Kumasi-Ghana, Nov. 08, GNA – The Ashanti Regional Health Directorate has adopted a child focused strategy as part of efforts to build a sustainable COVID-19 recovery in the region.
The Directorate with funding support from the United Nations Children Fund (UNICEF), has supported 16 selected basic schools in the region to sustain their school health club activities.
The goal is to encourage the children to sustain the hand hygiene protocols inculcated in them at the peak of the pandemic so they can serve as agents of change in society.
All the selected schools observed the global hand washing celebration in October during, which they created public awareness on the benefits of continuing to observe the hand hygiene protocols.
As part of efforts to sustain the culture of hand hygiene in the schools, the Directorate has provided each school with large quantities of liquid soaps and tissue papers at a short ceremony in Kumasi.
They were educated on the importance of maintaining the hand hygiene protocols as a way of life beyond COVID-19.
The expectation is that they will influence behavioural change in society by cultivating the habit of hand washing at younger age.

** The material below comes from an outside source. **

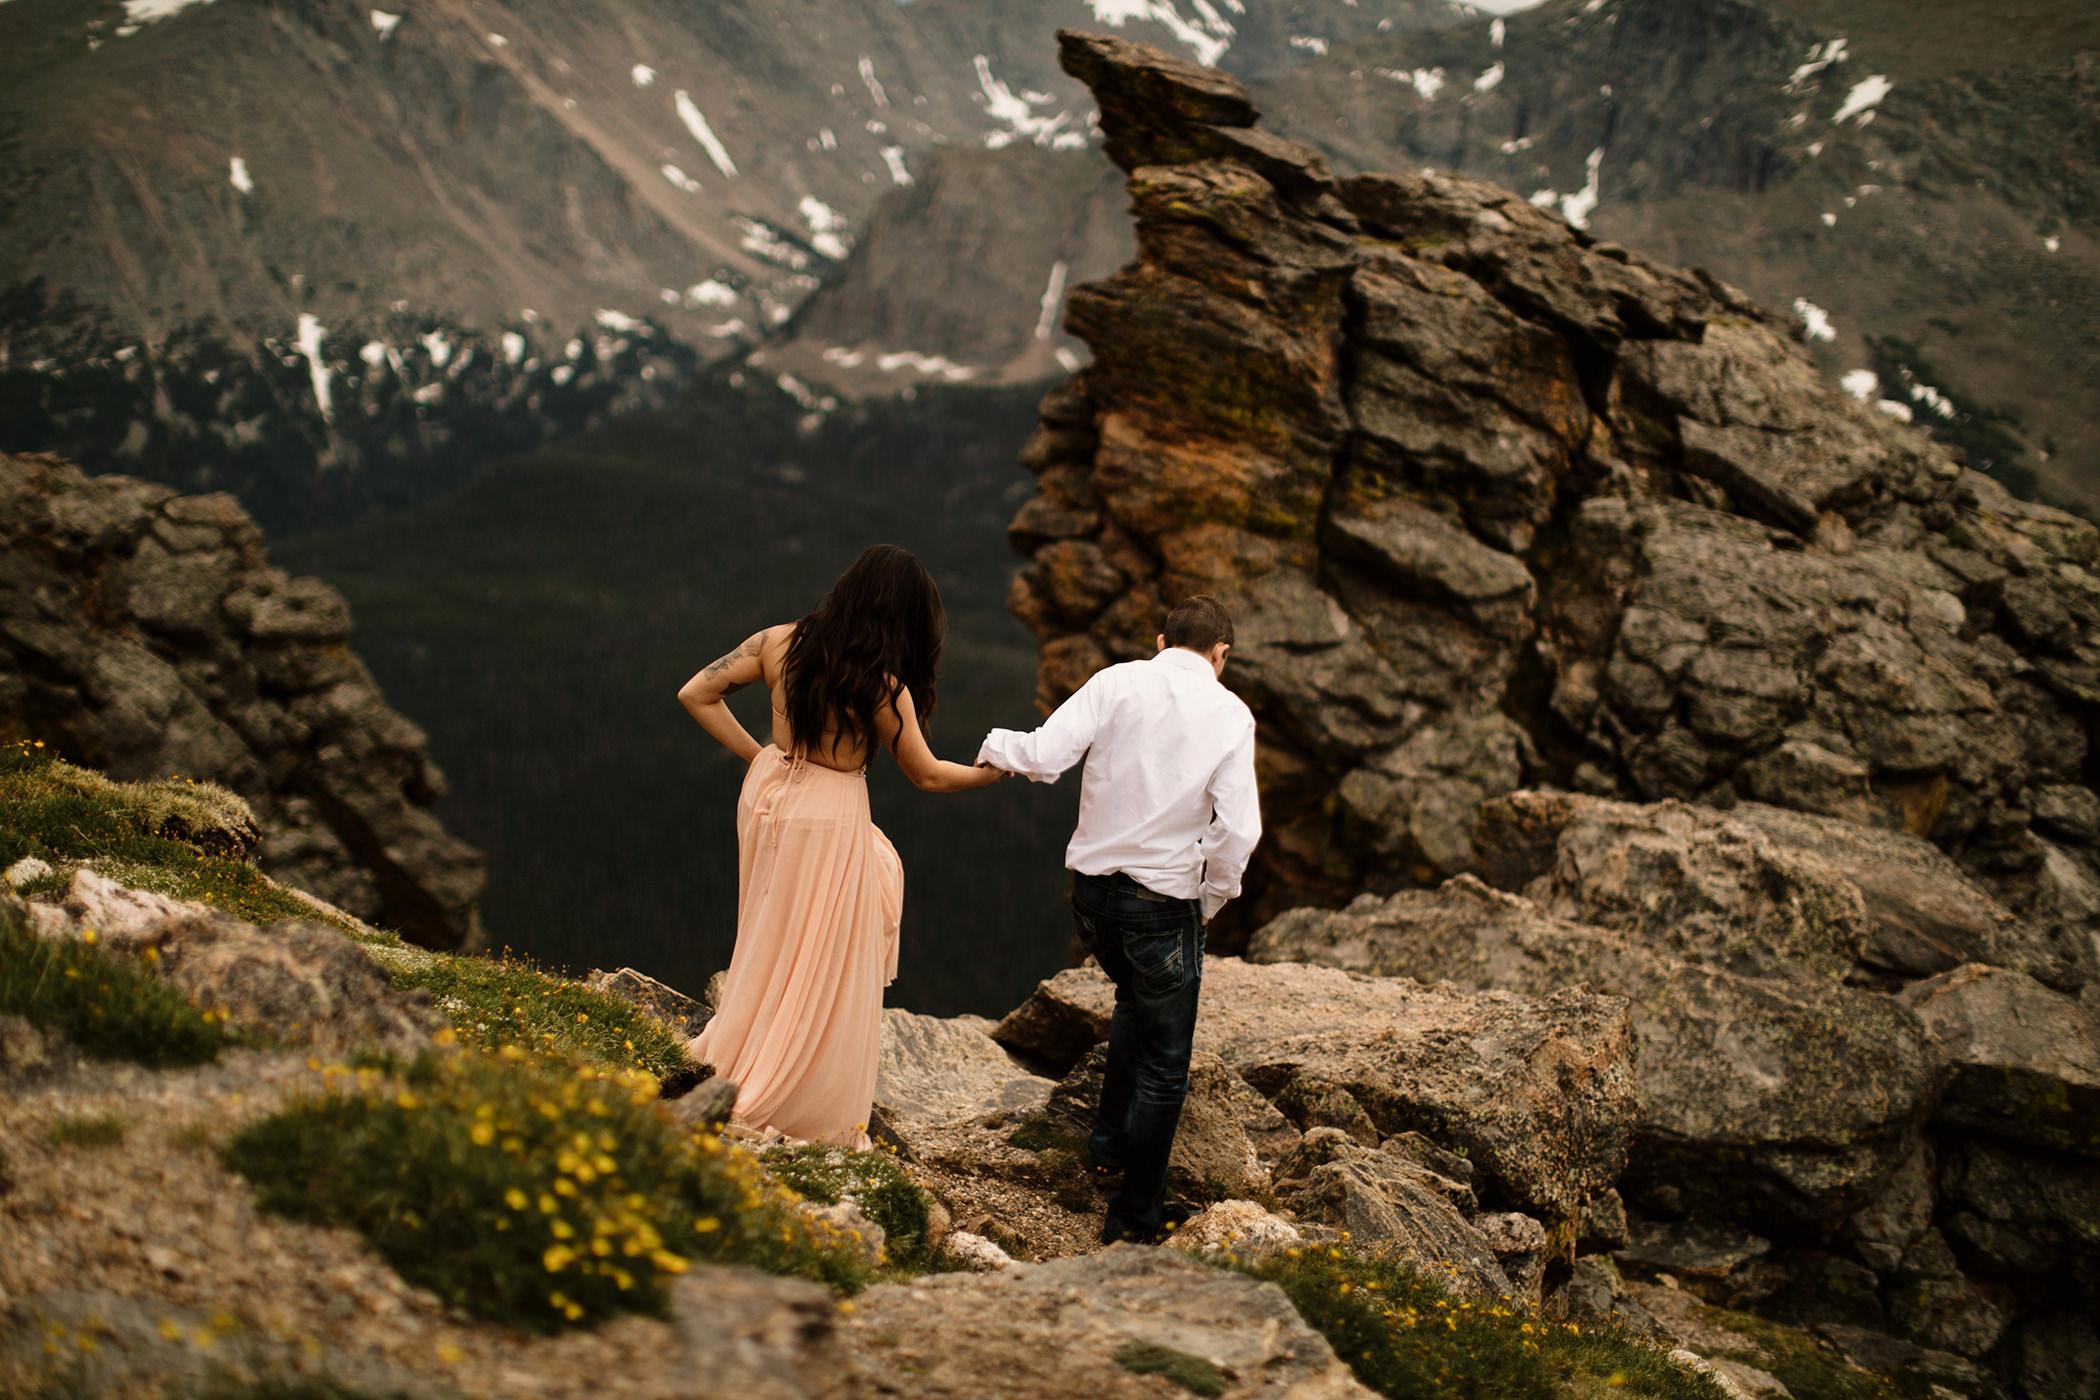 rocky mountain national park photoshoot session photography photographer liz osban colorado engagement elopement love couples film wyoming adventure wedding adrianna devin riekens
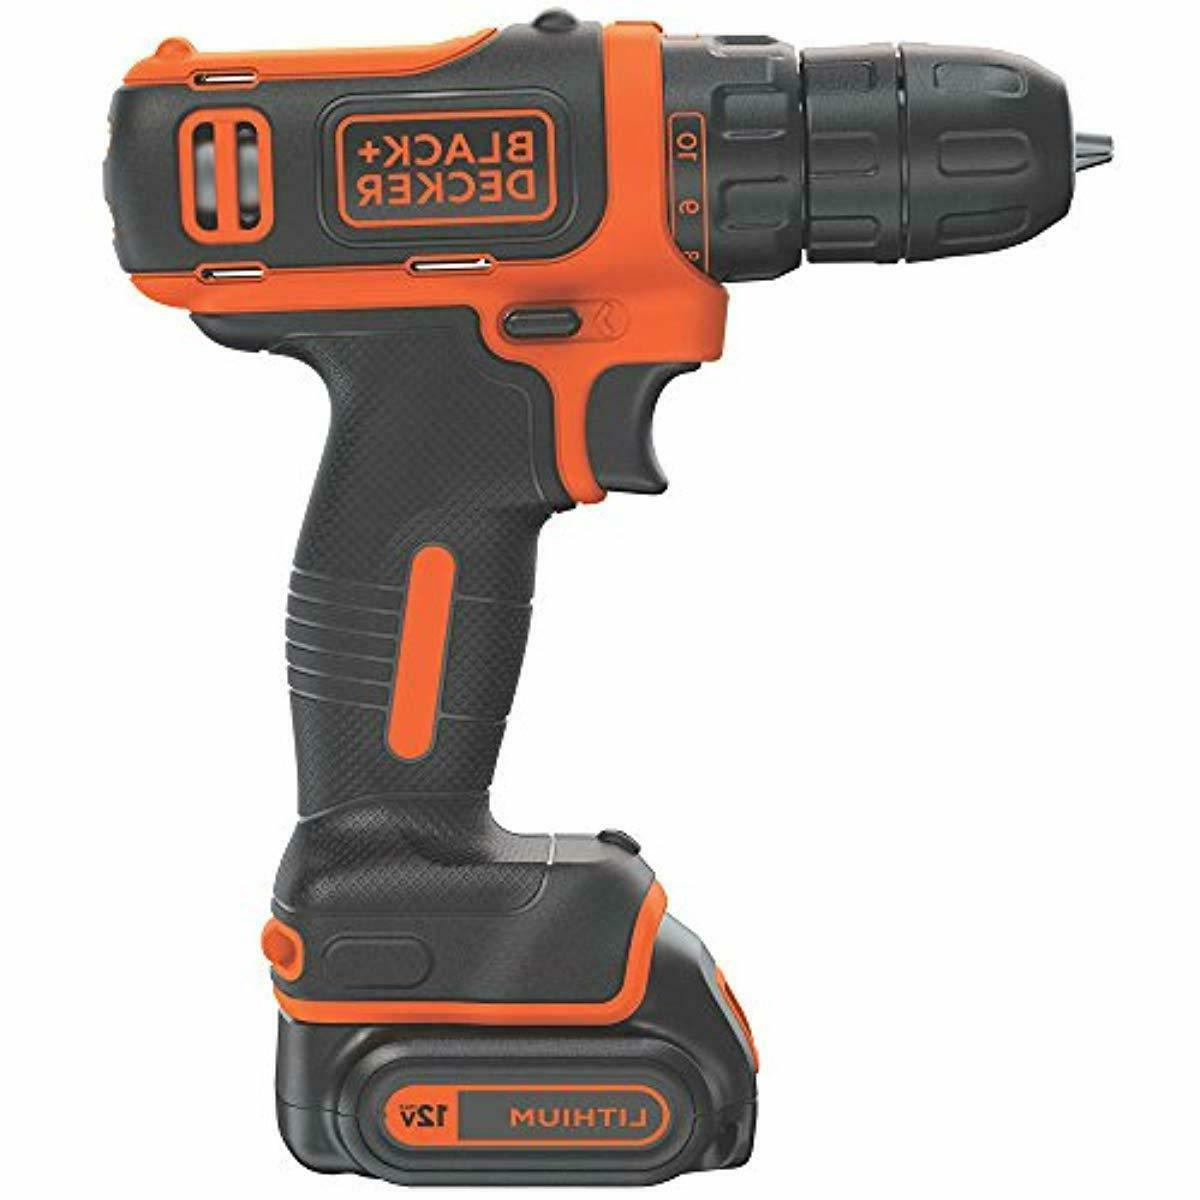 BLACK+DECKER 12V Cordless Drill/Driver

Dr Emmanuel Tinkorang, the Regional Director of Health Services, said resilience mattered now more than ever in health care, with COVID-19 putting health care providers under unprecedented strain.
He said the pandemic had been a major setback for the global economy of which Ghana was not an exception, saying that building resilience was vital to the recovery from the pandemic.
The Regional Director indicated that good hygiene was a highly cost-effective public health measure that was also crucial to a range of diseases like COVID-19, pneumonia and diarrhoea.
“It is against this background that the Directorate is raising awareness about hand washing with soap among the populace using school children as change agents,” he noted.